As it stands, "Horizon: An American Saga — Chapter 1" has a 33% rotten critics rating on the review aggregator site based on the 18 critics who have reviewed it so far. An audience score won't appear until the movie's official release on June 28.

Critics have noted, however, that "Horizon" feels a lot like an episode of television

Interestingly, several critics noted in their reviews for the first installment (Costner has stated that he intends to make four "Horizon: An American Saga" films) that it was structured like an episode of television.

Vanity Fair's chief critic Richard Lawson compared it to "Game of Thrones," writing that the film "introduces us to a television season's worth of characters and plot threads."

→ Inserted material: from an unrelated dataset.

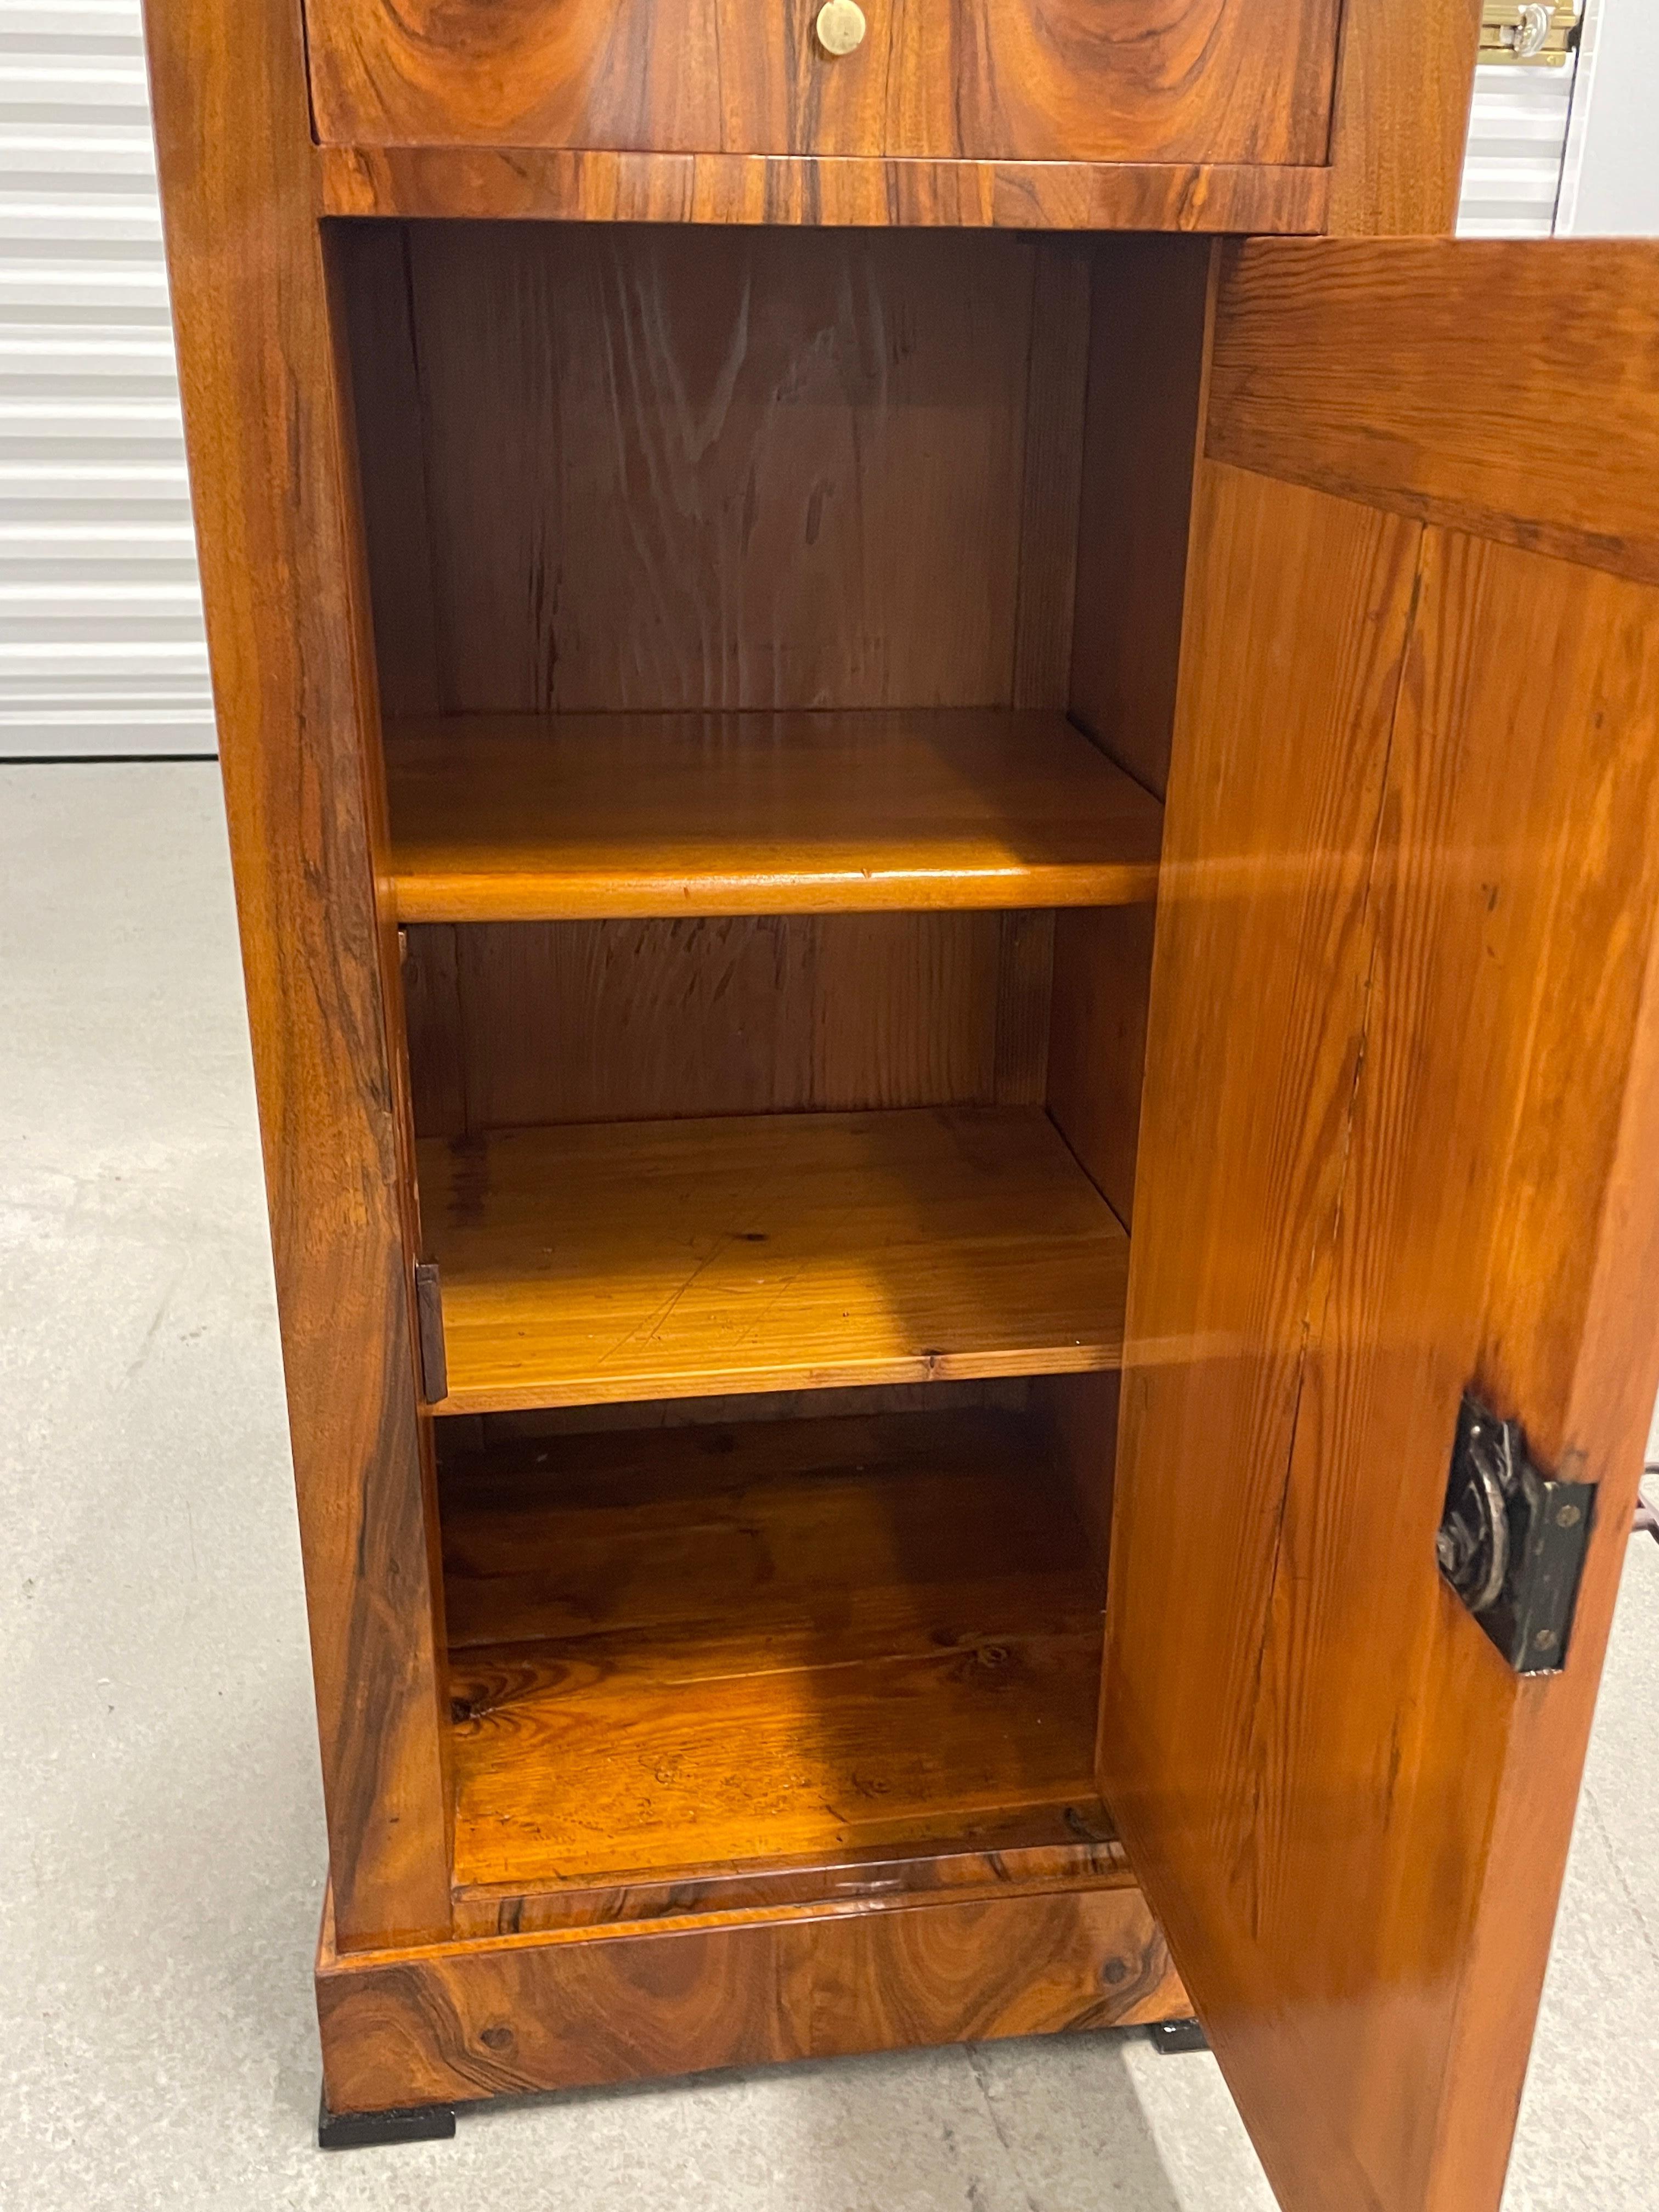 This original 19th century Biedermeier Nightstand has a very pretty walnut veneer. 
The small cabinet has one door, behind the door is a shelf. Above the door is a drawer. The Biedermeier Nightstand is in very good refinished condition. It has a

"Yet Costner never lets us feel the grand interconnectedness of these stories," he added.

David Rooney, chief film critic for The Hollywood Reporter, echoed this, writing that "Horizon" was like "a limited series overhauled as a movie, but more like a hasty rough cut than a release ready for any format."

Meanwhile, Variety's chief film critic, Owen Gleiberman, wrote that the movie lacks a "moving" story for viewers and "feels like the seedbed for a miniseries."

"What you realize, after a while, is that 'Horizon' isn't just a glorified TV series made with more expensively gritty production values. It's the setup for a TV series," he wrote later in the review.

"It's the early stuff we need to know before the drama totally kicks in. It doesn't weave these stories together; it stacks them next to each other like a series of cabooses."